In a bid to hold Russia accountable for war atrocities in Ukraine, the European Commission wants to equip the EU judicial agency with tools to collect and protect evidence of crimes.
The EU executive proposed on Monday to modify the mandate of the Eurojust agency, which coordinates European investigations and prosecutions of transnational crimes, in order to create a central storage of evidence of possible abuses for national and international authorities as well as NGO.
Such changes to the law would, according to the Commission, allow Eurojust to retain evidence for longer periods. The agency could also cooperate directly with the International Criminal Court (ICC) to analyze and exchange information.

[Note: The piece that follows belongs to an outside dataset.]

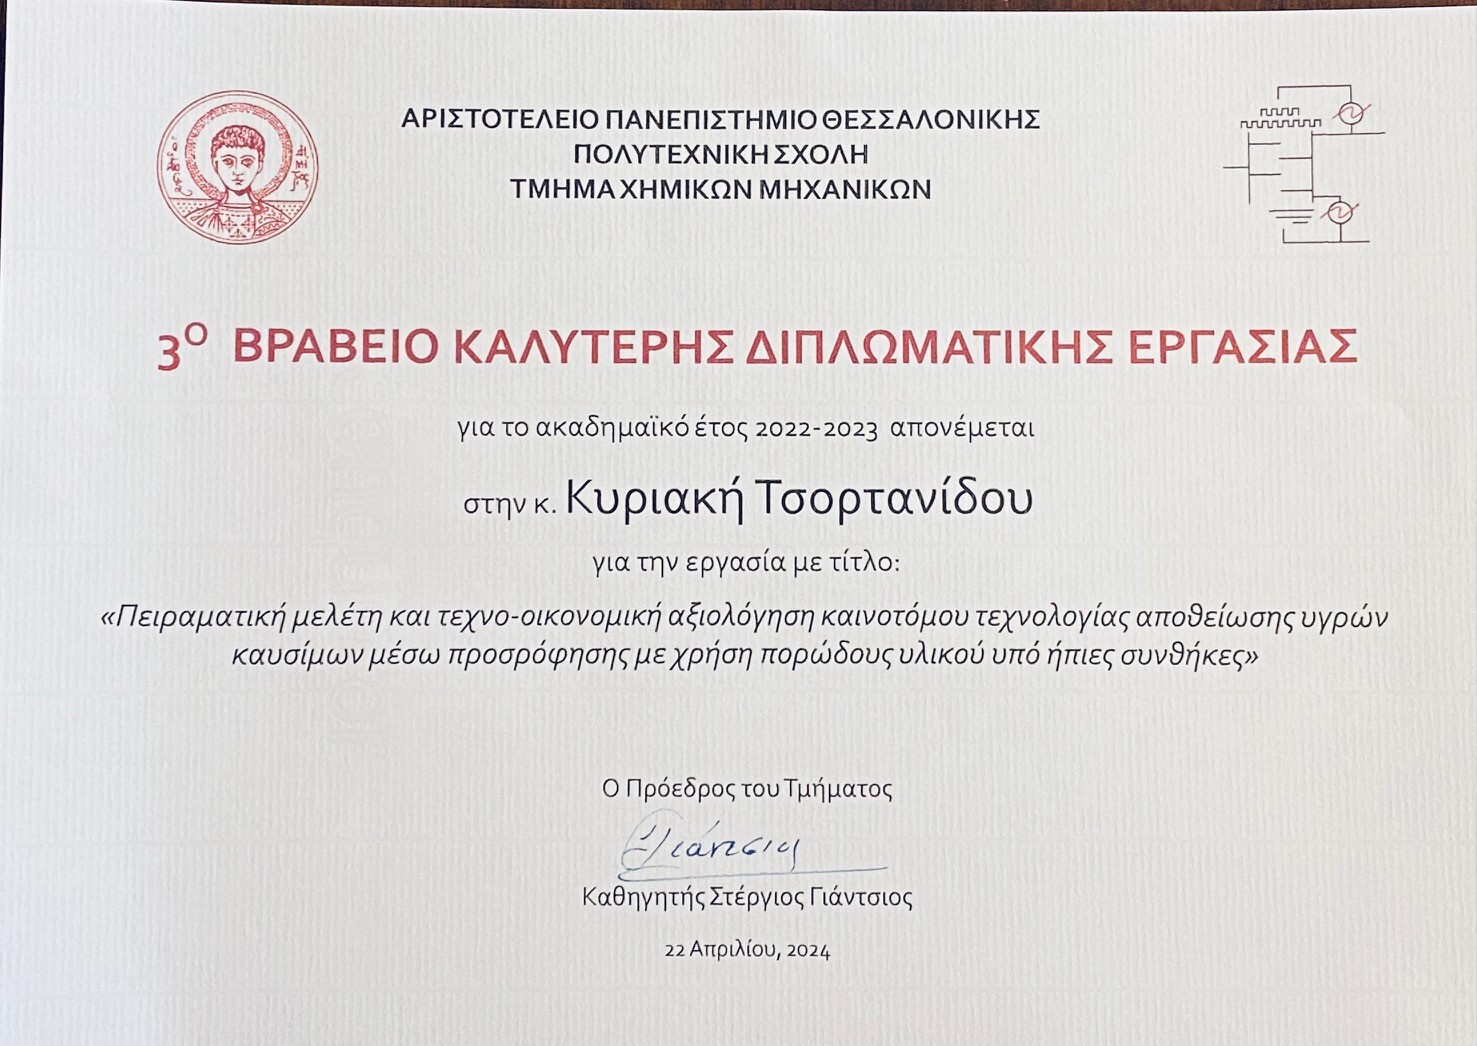 Βραβείο καλύτερης διπλωματικής εργασίας, Τμ. Χημικών Μηχ. ΑΠΘ (2022-23)

“We need to strengthen Eurojust to ensure it has the tools to deal with the scale of the atrocities in Ukraine,” said Commission Vice-President for Values and Transparency Věra Jourová.
“Those responsible for war crimes in Ukraine must be held accountable,” added Justice Commissioner Didier Reynders.
The agency could also process digital information such as videos, audio recordings and satellite images. The Commission said the sharing of evidence would comply with EU data protection rules, the General Data Protection Regulation.
The International Criminal Court (ICC) has opened an investigation into possible war crimes and crimes against humanity committed in Ukraine; Eurojust assisted a joint investigation team.
The Parliament and the Council will now examine the Commission’s proposal.